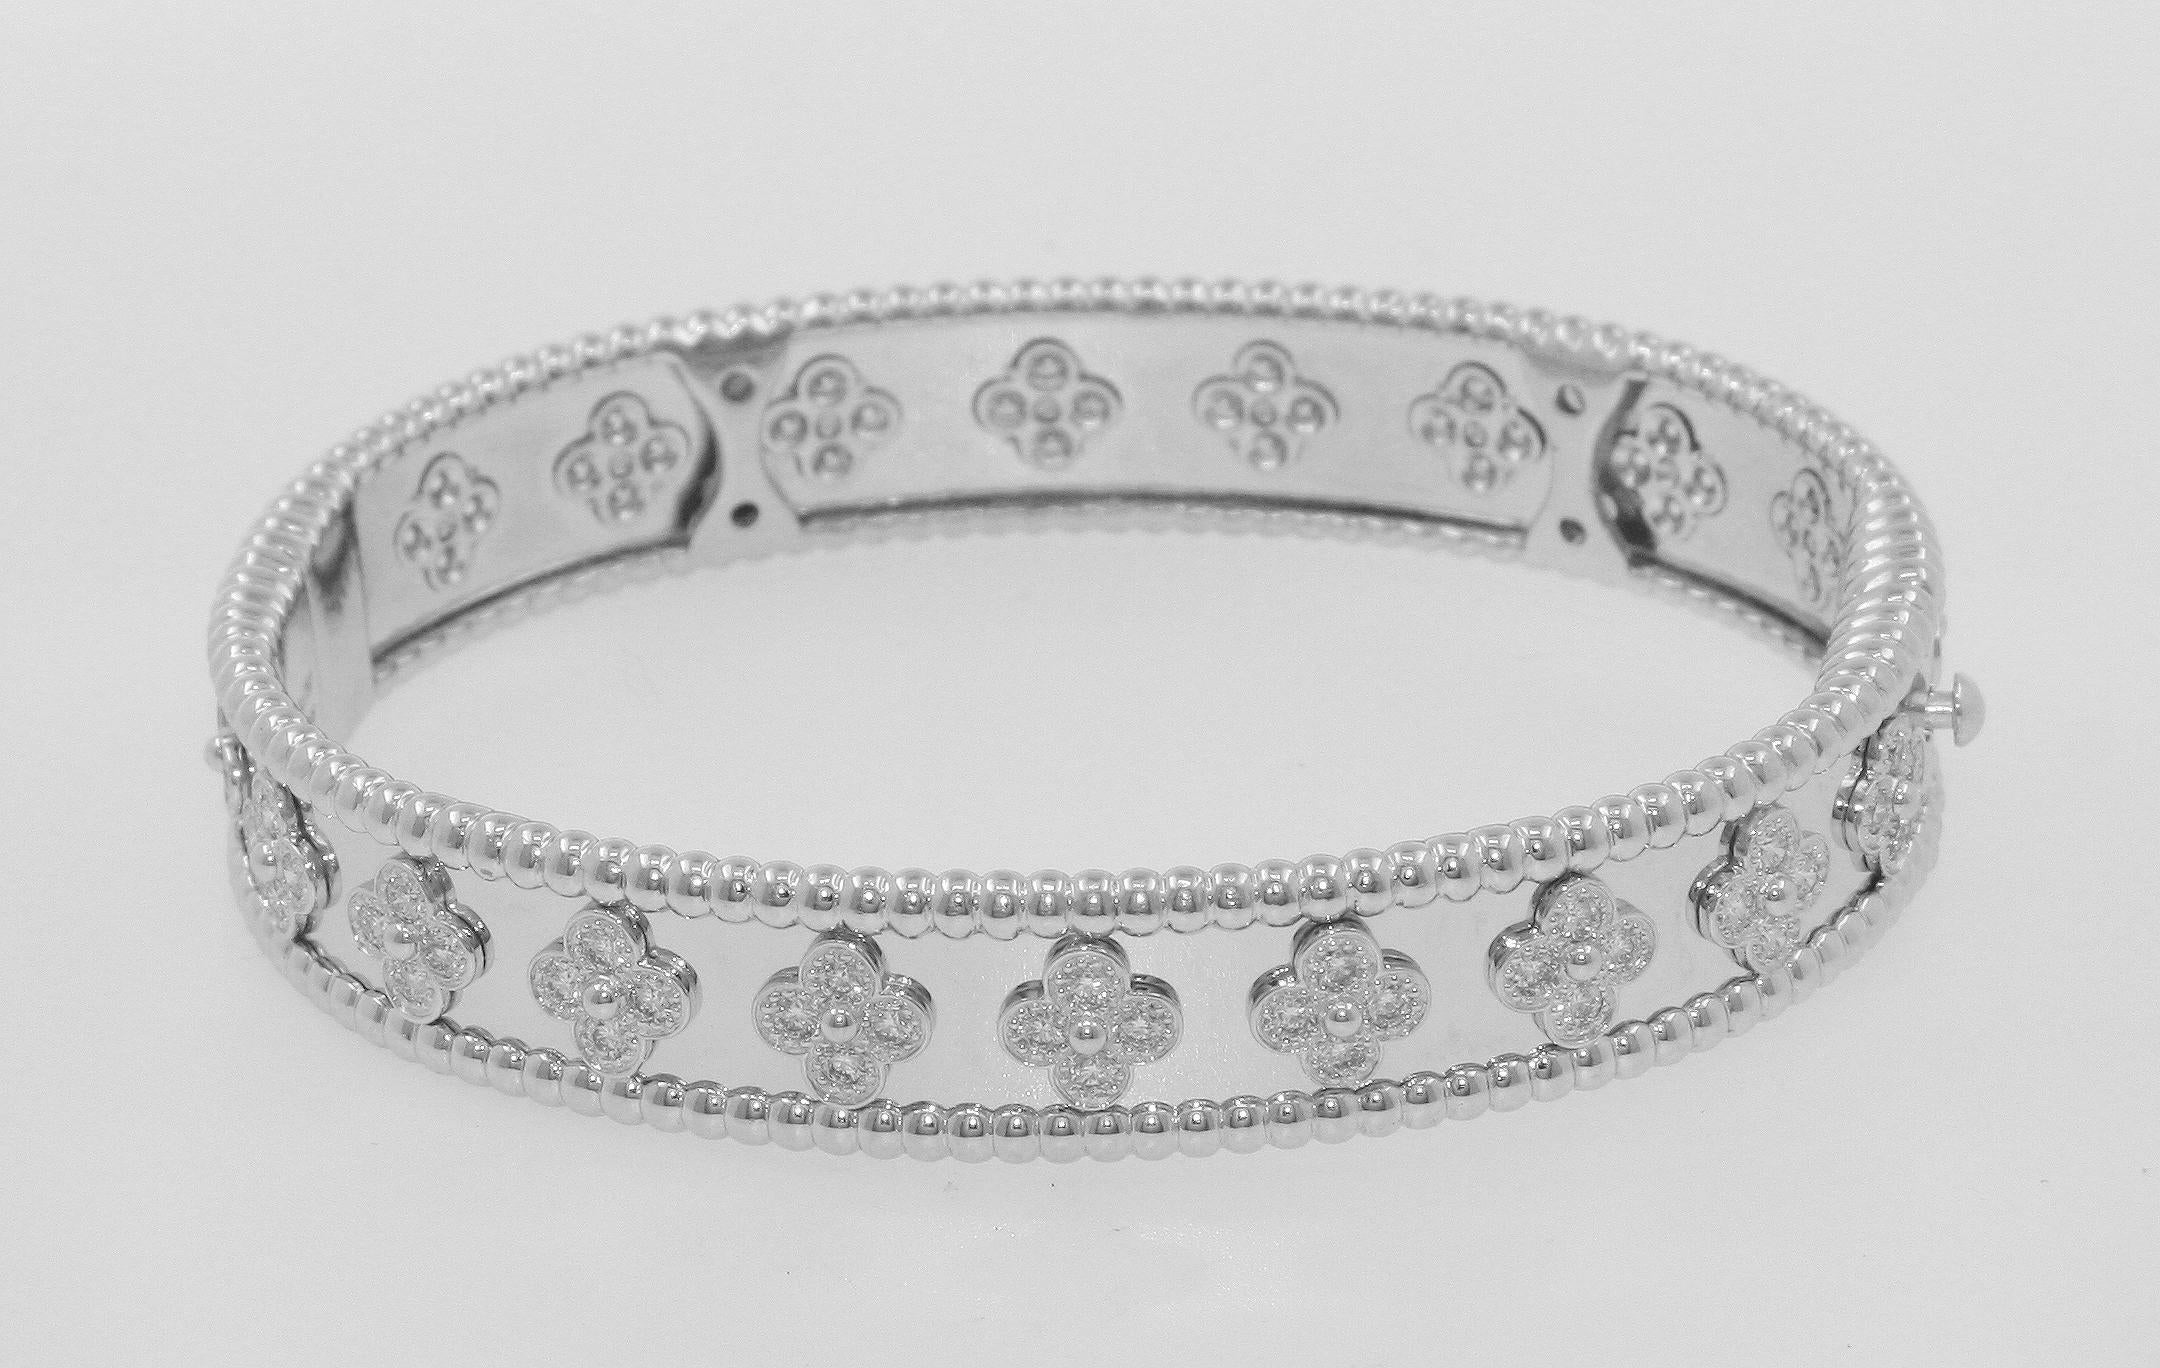 Perlee clovers bracelet from Van Cleef & Arpels, made in 18K white gold, set with round diamonds, medium model; diamond quality DEF, IF to VVS.
Come with Box and certificate.
Weight: 38.9g (Approx.) , Size: Medium
Reference : VCARN5B100
VCA265
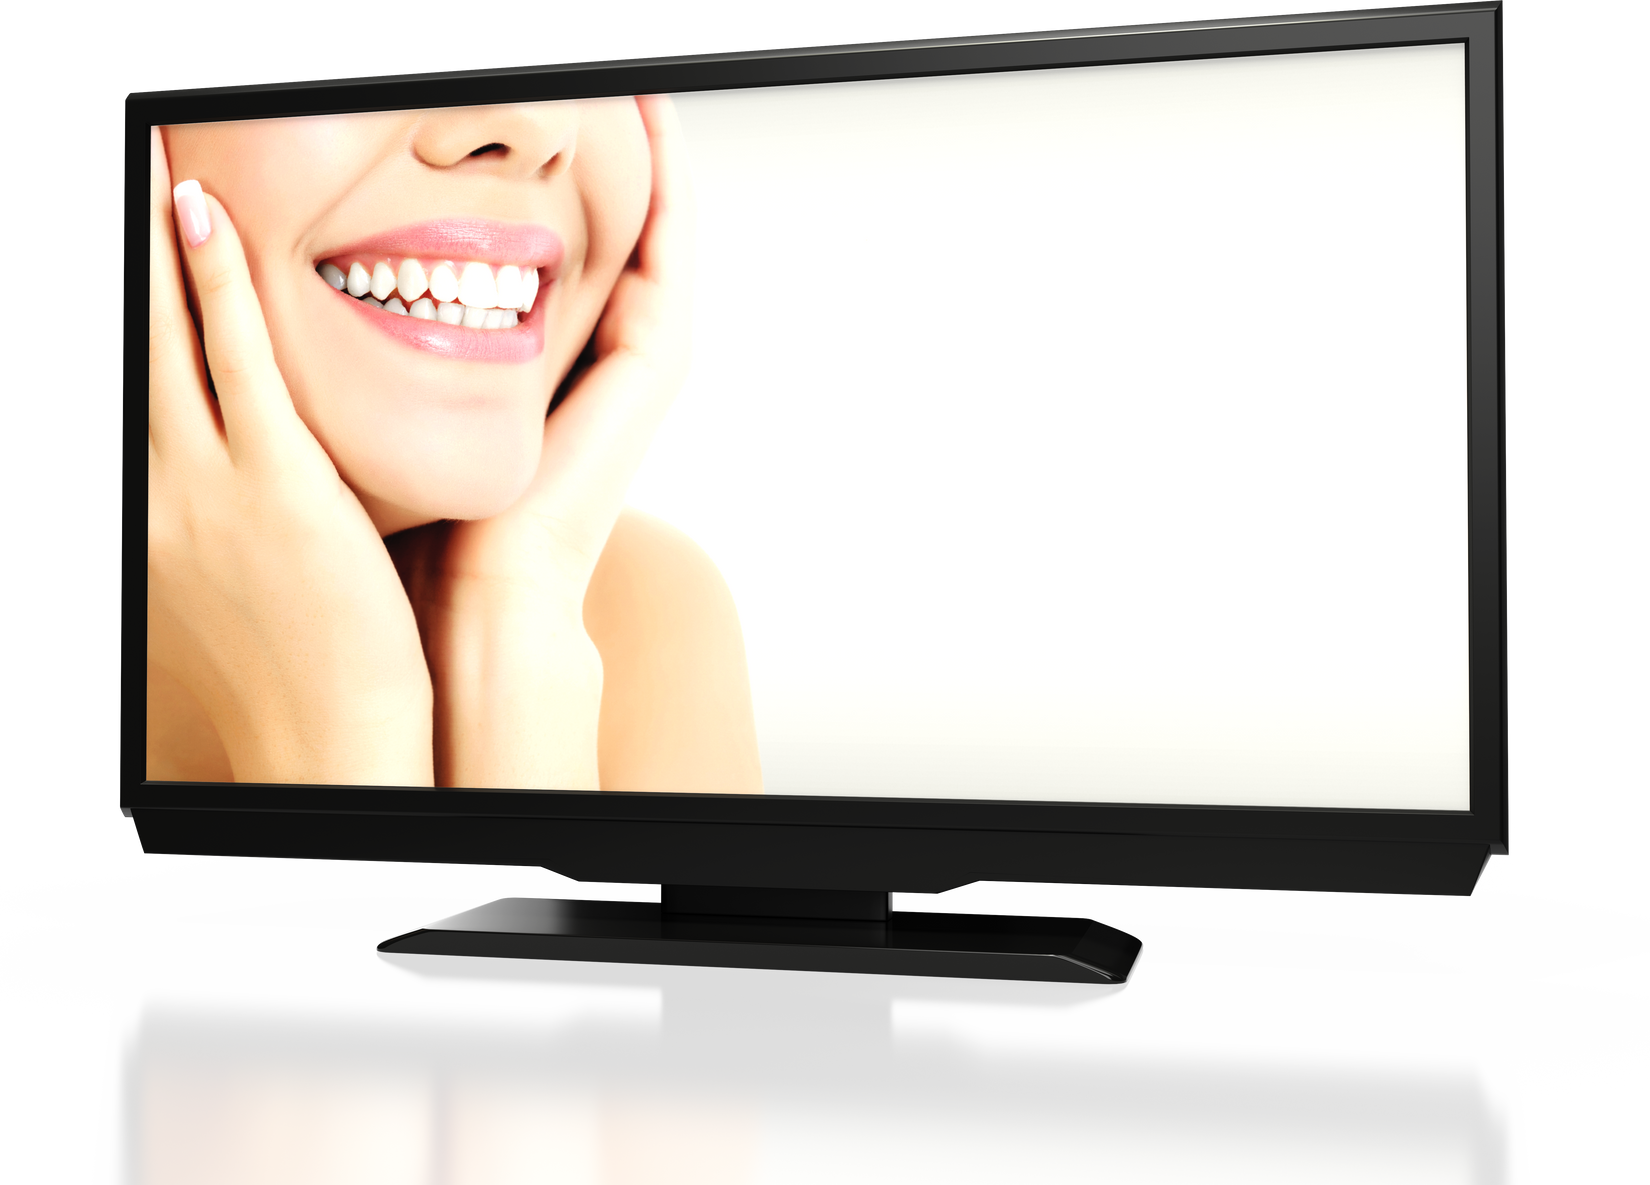 Cheerful Female Smile on an Abstract LED Tv Screen, White Backgr
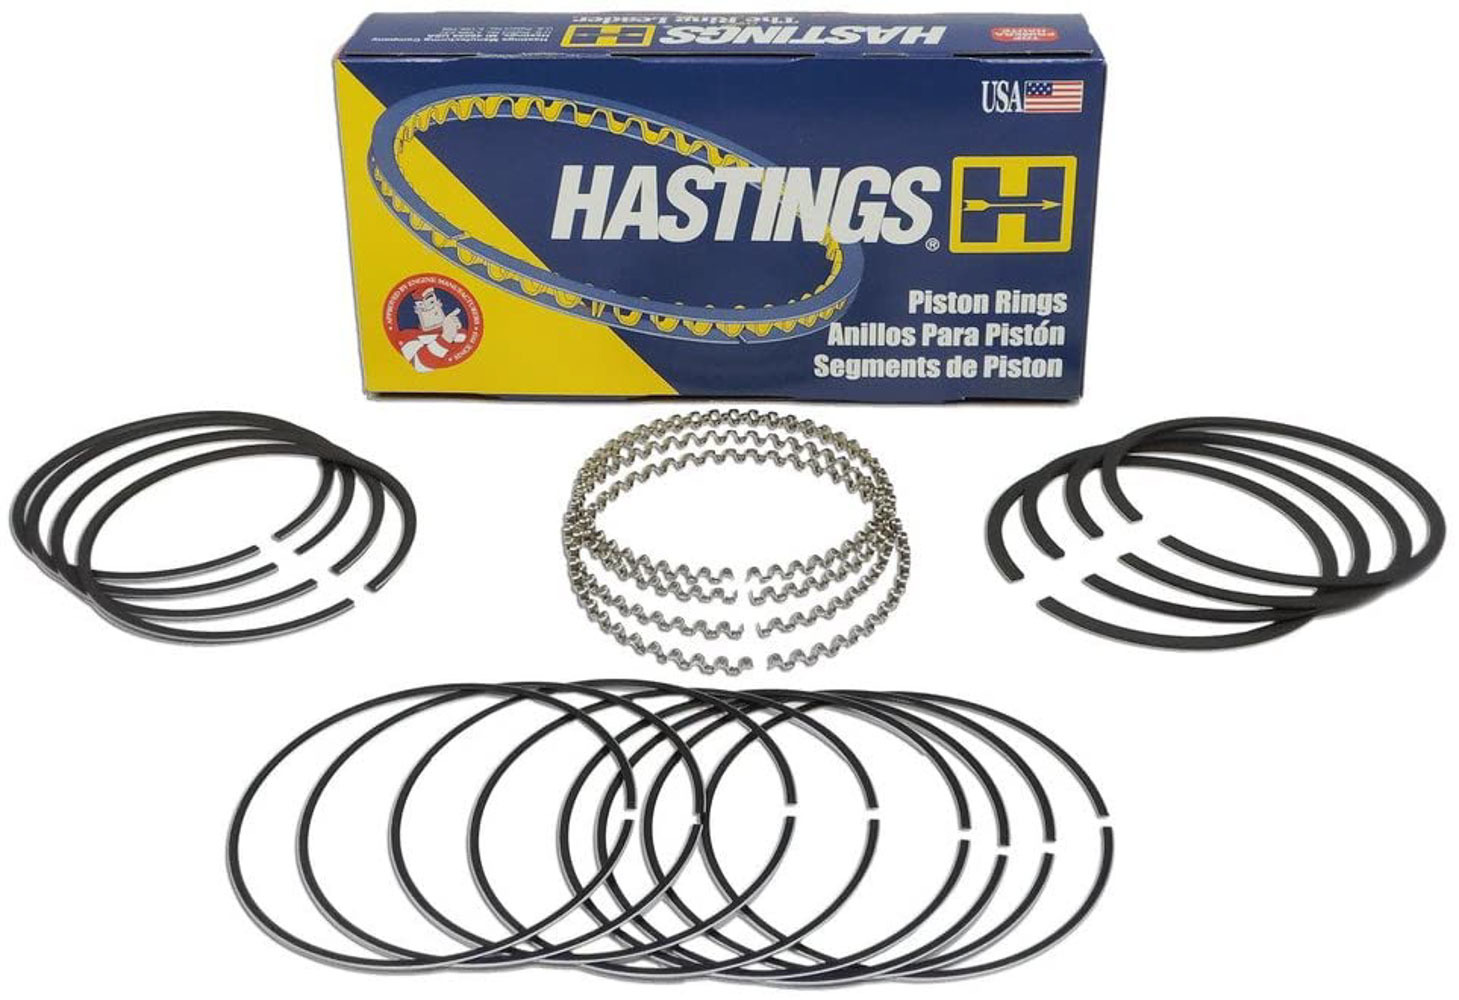 Hastings Piston Rings 5499 Piston Rings, 3.736 in Bore, Drop In, 5/64 x 5/64 x 3/16 in Thick, Standard Tension, Iron, Phosphate, 8-Cylinder, Kit

* What you are asked to do *
Nothing but the pictures should be left out when the listing is repeated exactly.

* Written answer *
 Perlee clovers bracelet from Van Cleef & Arpels, made in 18K white gold, set with round diamonds, medium model; diamond quality DEF, IF to VVS.
Come with Box and certificate.
Weight: 38.9g (Approx.) , Size: Medium
Reference : VCARN5B100
VCA265
 Cheerful Female Smile on an Abstract LED Tv Screen, White Backgr
 Hastings Piston Rings 5499 Piston Rings, 3.736 in Bore, Drop In, 5/64 x 5/64 x 3/16 in Thick, Standard Tension, Iron, Phosphate, 8-Cylinder, Kit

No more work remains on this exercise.